When I was nearly forty, I was in a seminar team environment where each of us daily told others things we had going on about them in order to keep from building up issues.  Things like, “It annoyed me when you…” or “I feel a little attracted to you.”  It actually was fun and worked well.

What happened for me in this process was that one person after another told me the things they thought about me with regard to my being handicapped.  I was amazed at how much stuff people had going on about handicapped people, and I learned that it was a prejudice just like racism or ageism or any other ism.  I know, you’d think by that age I’d have known this.  I had seen it only in limited experiences, not as something that was apparently endemic in society.

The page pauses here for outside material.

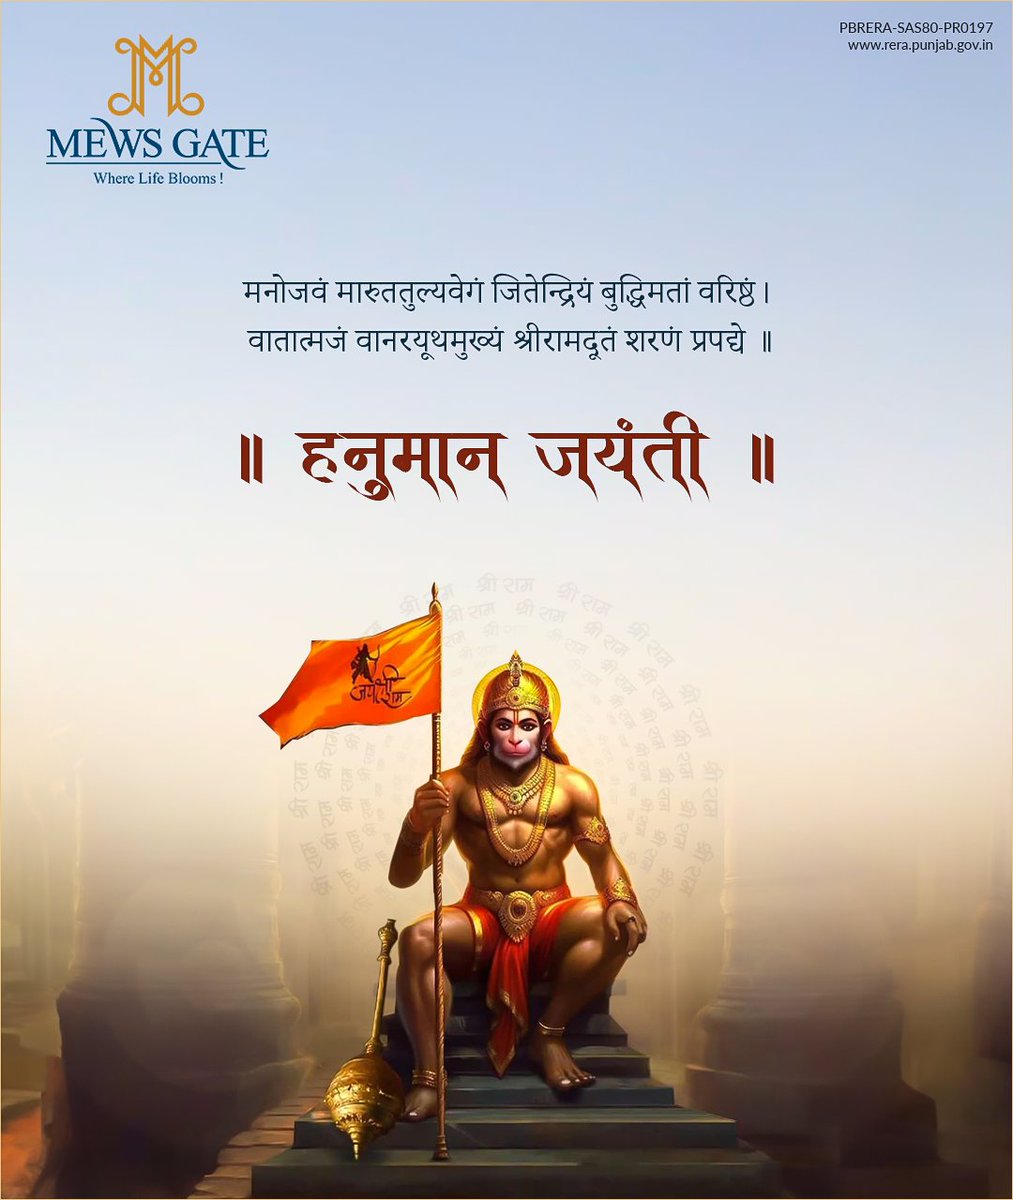 May the divine blessings of Lord Hanuman bring you strength, courage, and wisdom on this auspicious day and always. #MewsGate #Courage #JaiHanuman #Devotion #HanumanChalisa #HanumanJayanti2024 #Blessings #DivineDevotion #LordHanuman

Several people told me that they anticipated that I would want them to feel sorry for me.  After they got to know me, most could see this was very far from my nature, but, this was an assumption they had about all handicapped people.  They had lots of ideas about how I must see the world, that I must be sad, that I must be angry, that I must be this or that.  This was projection, I assumed, based on what they thought they would feel if they had a paralyzed leg (and also based upon my disappointment which they’d seen the first evening when I learned that the course was going to limit my physical activities).  Though of course I had experienced these things over and over in my life, they were life assessments that came and went for me, like watching movies.

I’ve never been one to hide my emotions well, and over time, I’ve learned that many people not only don’t express many emotions but are not even aware of what they feel.  But here I learned that some or perhaps many people thought I must feel sad, depressed, sorry for myself, angry, needy, wanting more from people emotionally and physically than others wanted – most of the time!  This was a fair cross section of people, no one really out of the ordinary, other than their interest in self-growth.  I learned so much from these people who needed to unload their concepts about disability in a safe environment.

Wow.  What a life view.  This was what people who were willing to trust me with these musings thought about me, about what they thought my mental and emotional makeup was.  This was probably what many or most people thought but would never have the courage to tell me.  In fact, the most emotionally upsetting aspects of my life had actually been that my dad had died when I was a small child, and that I had thus far not been able to get into and maintain a love relationship that nurtured me.  I had been far more depressed in my life about not having a husband or life partner than I had over having a paralyzed leg.

My deepest hurt was not my paralysis, it was not sharing my love — the same problem any able-bodied person could have.